Meditation
Why Time Stops at Near Death
During a near-death experience people have a sense of timelessness.
Posted December 6, 2017
An extreme slowing down of time is often reported after accidents and frightening events. People report that the world, relative to the observer, was moving in slow motion. Most likely, these experiences stem from an increased physiological arousal level in a fight-and-flight situation, which for a short period of time, speeds up internal processes to a maximum [see my previous Psychology Today blog: The Matrix Effect].
After life-threatening situations, people who survived a heart attack or nearly drowned sometimes report of altered states of consciousness occurring during an episode of apparent unconsciousness, having a so-called "near-death experience" (NDE). Reports and research on NDEs give wide coverage to the special contents that people report, such as seeing a light, a tunnel, having an out-of-body experience, and feeling extremely calm. In studies conducted by Bruce Greyson in the 1980s and '90s, it was discovered that 60 to 70 percent of respondents with NDEs reported that “time stopped or lost meaning.”

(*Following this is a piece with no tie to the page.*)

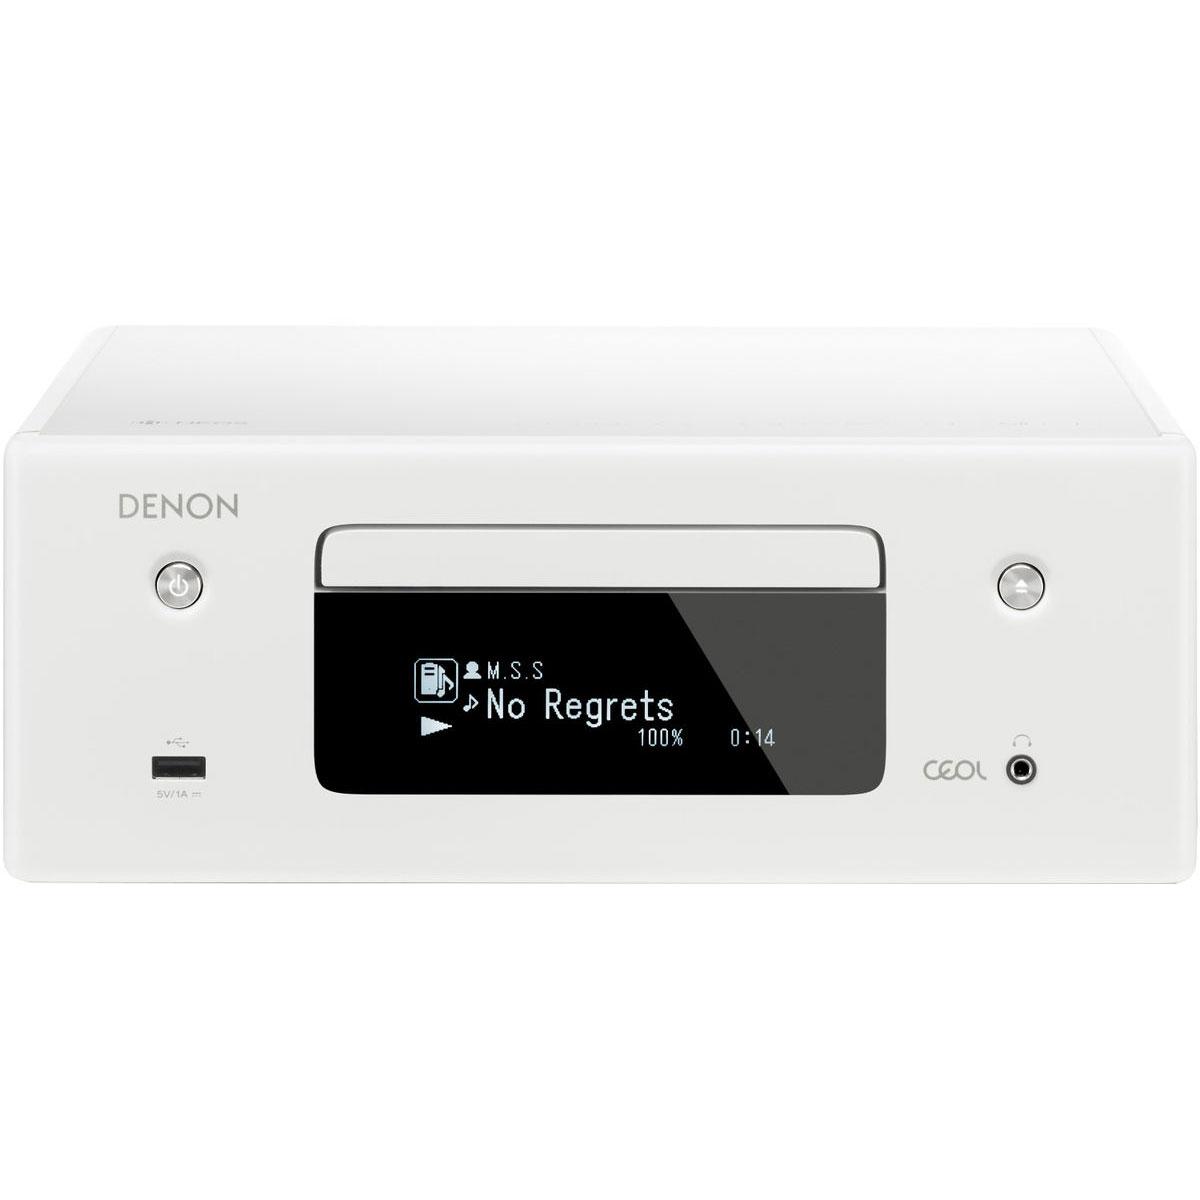 Chaîne Hifi Denon CEOL N10 Blanc - Sans HP Micro-chaîne CD MP3 USB réseau Wi-Fi Bluetooth avec contrôle iOS, Android et Amazon Alexa (sans haut-parleurs)

Besides these pioneering studies by Bruce Greyson and further anecdotal accounts, not many investigations exist that systematically have explored the experience of time during NDEs. Therefore, we wanted to analyze a publicly available web-based data bank from the Near Death Experience Research Foundation, which contains a growing number of self-reports. We published an English language article in the German journal Zeitschrift für Anomalistik (the PDF can be retrieved here: "Subjective time distortion during near-death experiences: an analysis of reports"). We covered a considerable time range by selecting 196 individual reports from three time periods: 1998 to 2001, the year 2010, and January to March 2017. Building on Bruce Greyson’s questionnaire, the item of “Did time seem to speed up or slow down?” has three answers:
- No.
- Time seemed to go faster or slower than usual.
- Everything seemed to be happening at once; or time stopped, or lost all meaning.

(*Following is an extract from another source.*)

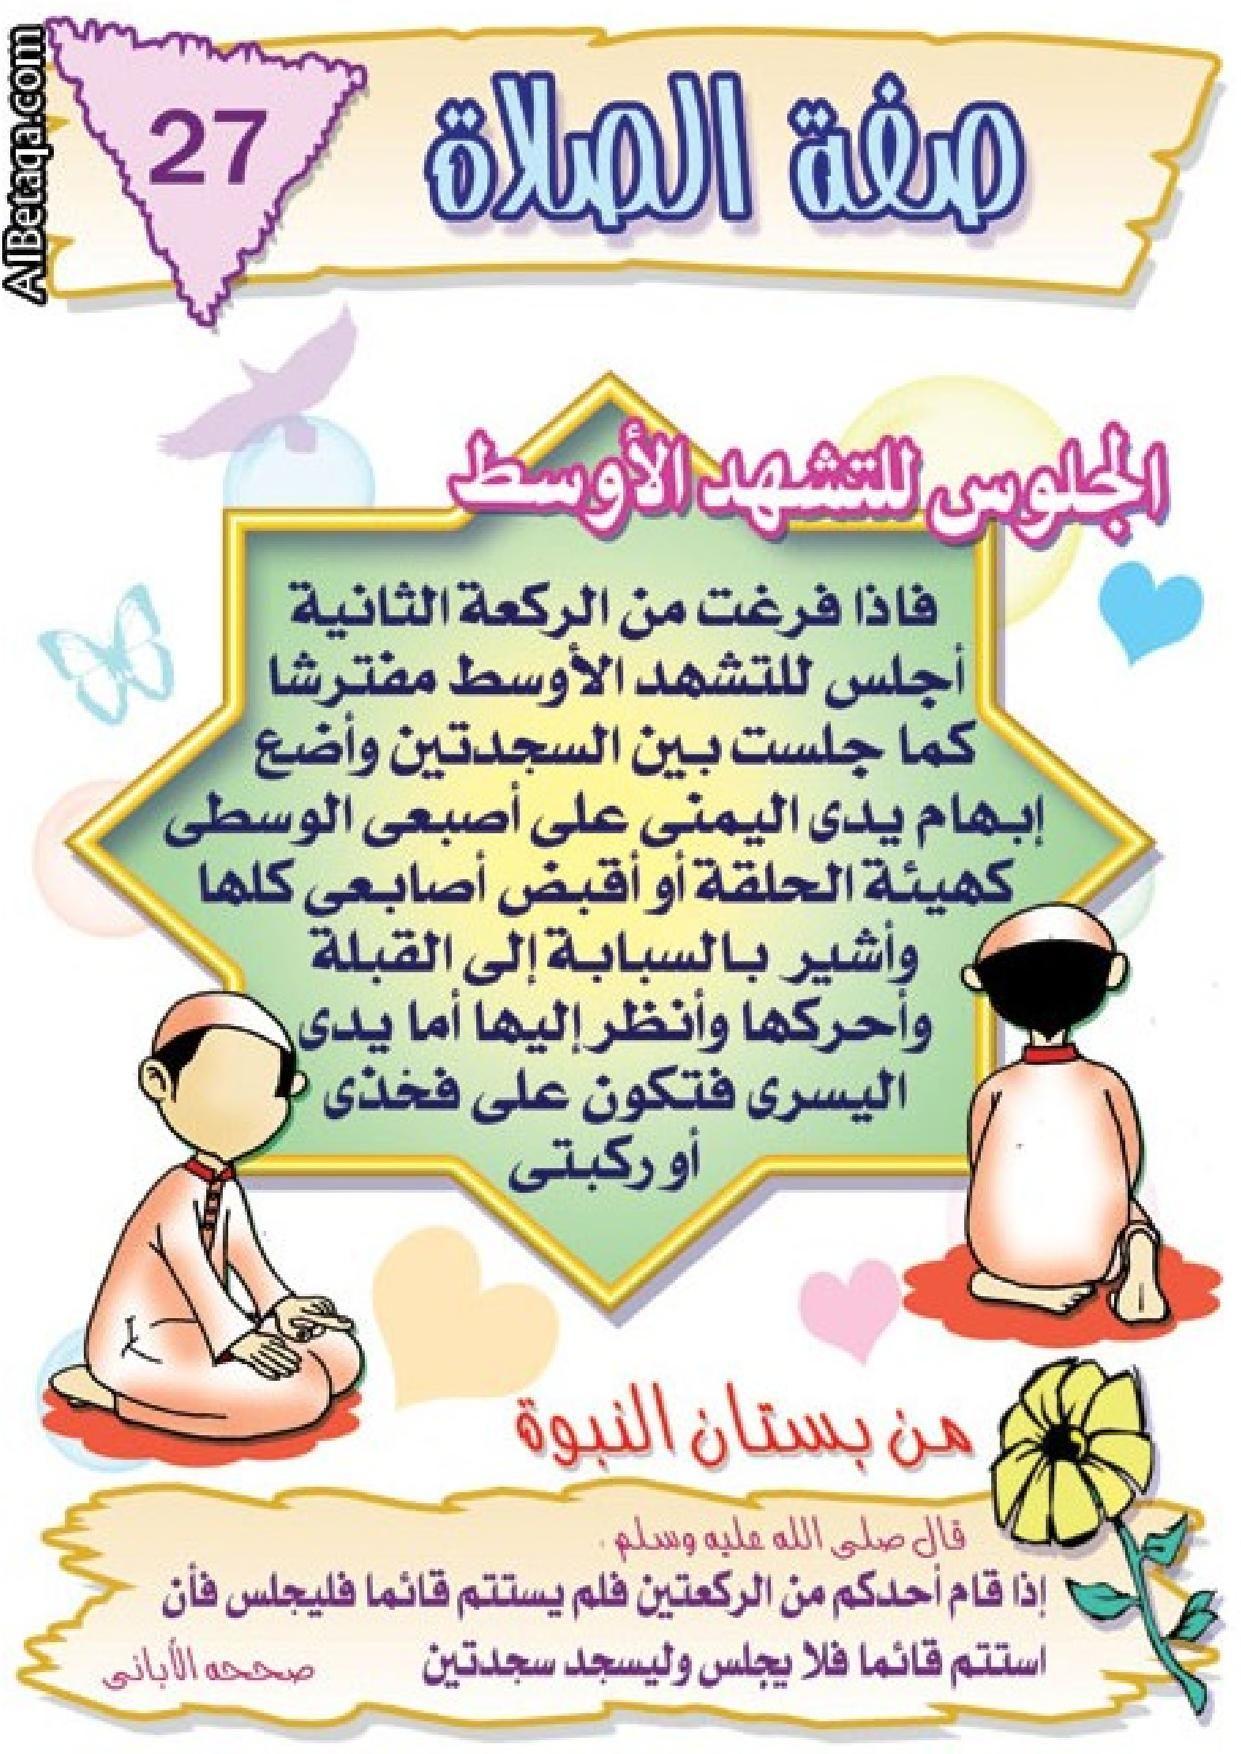 0197 كتاب صيغة مصورة اقرا اونلاين أحكام الصلاة Free Download Borrow And Streaming Internet Archive Learn Islam Islam Beliefs Islam For Kids

In addition to these answer categories, participants are encouraged to write down their own stories.
Our analysis shows that 127 of the 196 individuals reported a change in subjective time (65 percent). 120 of these 127 persons reported a feeling of timelessness (94 percent). The different stories people wrote down bear witness of individual variations, but they can still be interpreted as the impression of a lost sense of the passage of time.

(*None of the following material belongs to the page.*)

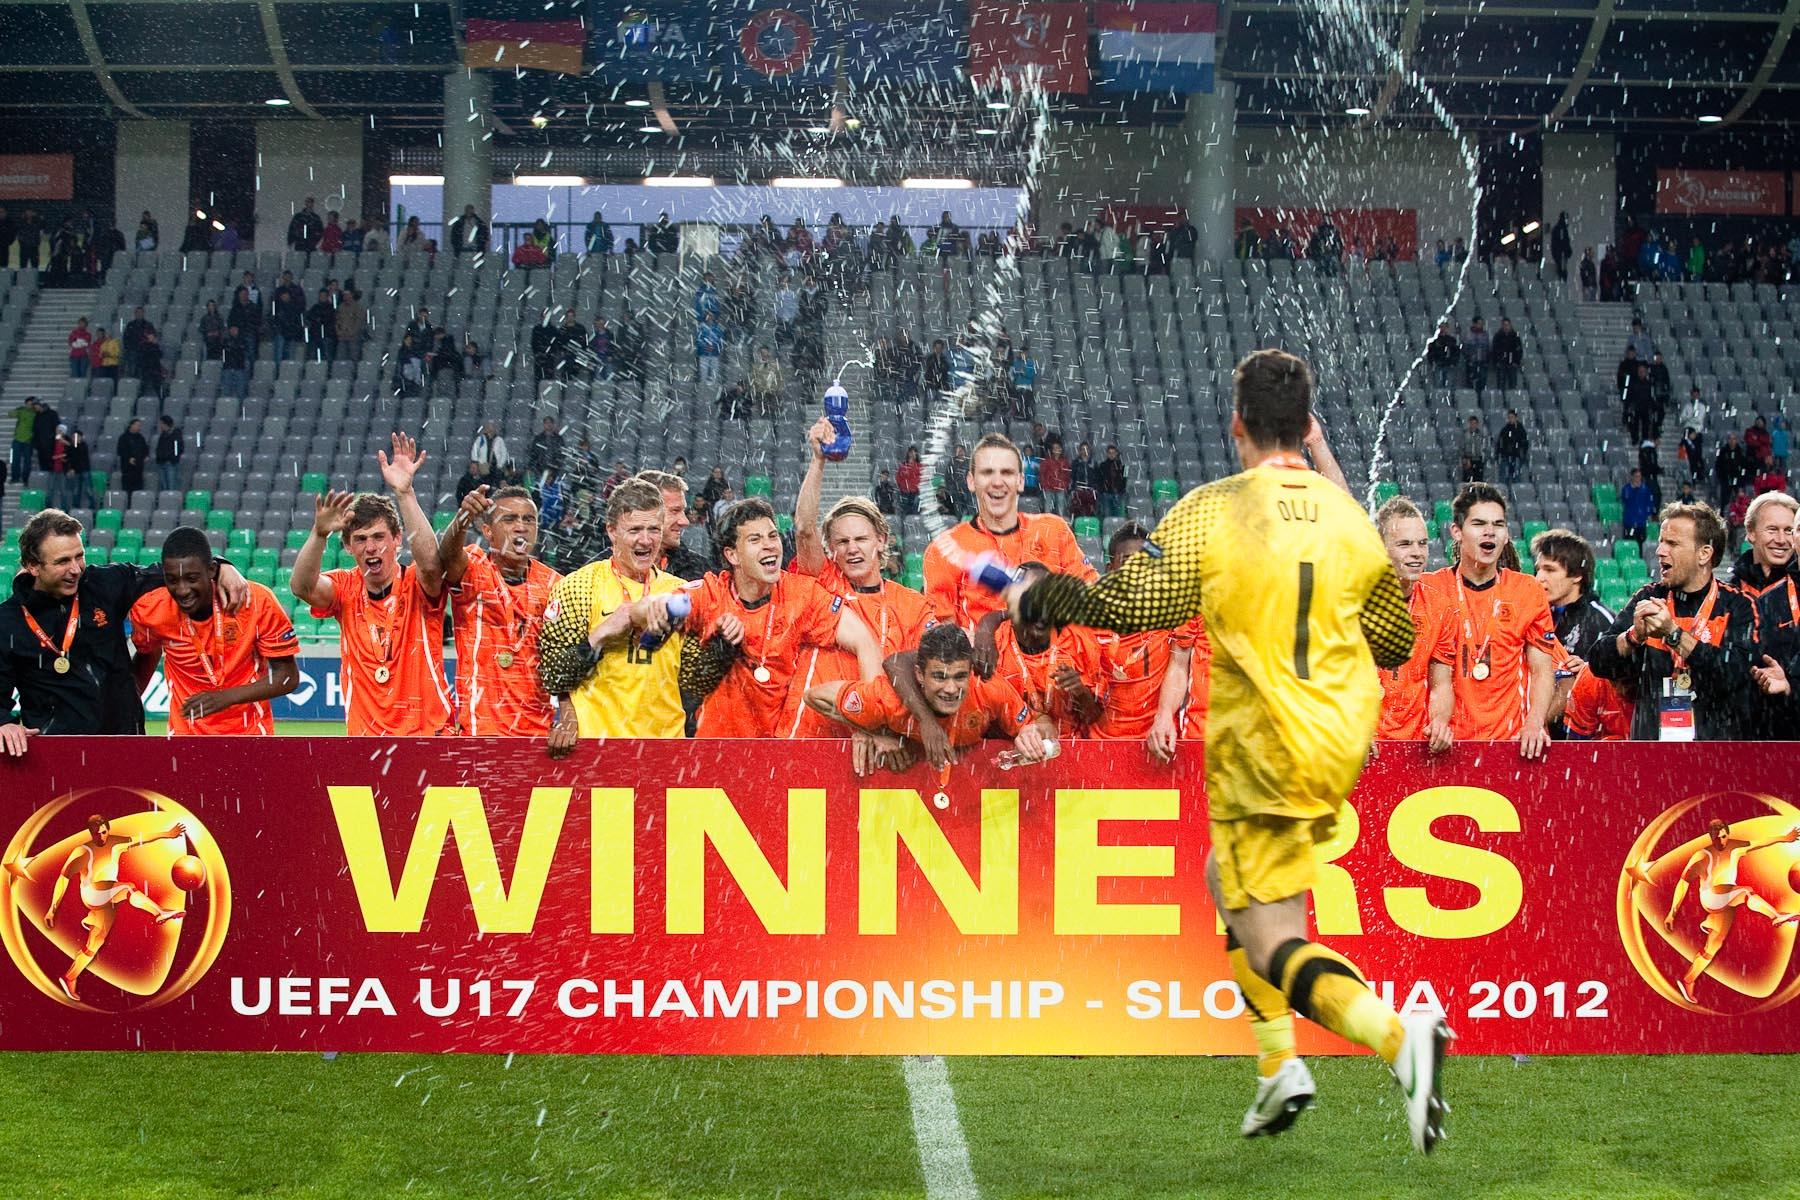 Nick Olij, Netherlands\' goalkeeper, jumps as Team Netherlands celebrates winning the UEFA U-17 European Championship final match between Germany and the Netherlands at the SRC Stozice Stadium in Ljubljana, Slovenia, May 16, 2012.

Typical examples of non-standardized answers were:
- Concept of completely distorted time: Long? Short? It didn't make sense.
- I could feel infinity. It was as if I was completely aware of how long I had been there and the absence of time altogether, at the same time, if that makes sense. I remember being surprised later when I learned I was only out for 30 seconds or less.
- Time was not thought of. Time was just time.
- It was nonexistent or everything was 'now.'
Our study complements the previous investigations by Bruce Greyson showing an extremely distorted subjective time in a majority of people who had an NDE. What may cause the radical change in subjective time during NDEs is still a completely open question. The label ‘feeling of timelessness’ is reported by people experiencing altered states of consciousness as induced through very different means such as during meditation or after ingesting hallucinogenic drugs. It is part of an overall experiential narrative of becoming one with the surrounding, the sense of a collapse of the past and future into an eternal presence, or the notion that time is nonexistent. In studying meditation or drug effects, one can further investigate how during extreme states of consciousness the feeling of ‘timelessness’ can arise. We then will also understand better what happens during NDEs.
References
Wittmann M, Neumaier L, Evrard R, Weibel A, Schmied-Knittel I (2017). Subjective time distortion during near-death experiences: an analysis of reports. Zeitschrift für Anomalistik 17, 309–320.
Greyson B (1983). The near-death experience scale: construction, reliability and validity. Journal of Nervous and Mental Disease 171, 369–375.
Greyson B (1990). Near-death encounters with and without near-death experiences: comparative NDE Scale profiles. Journal of Near-Death Studies 8, 151–161.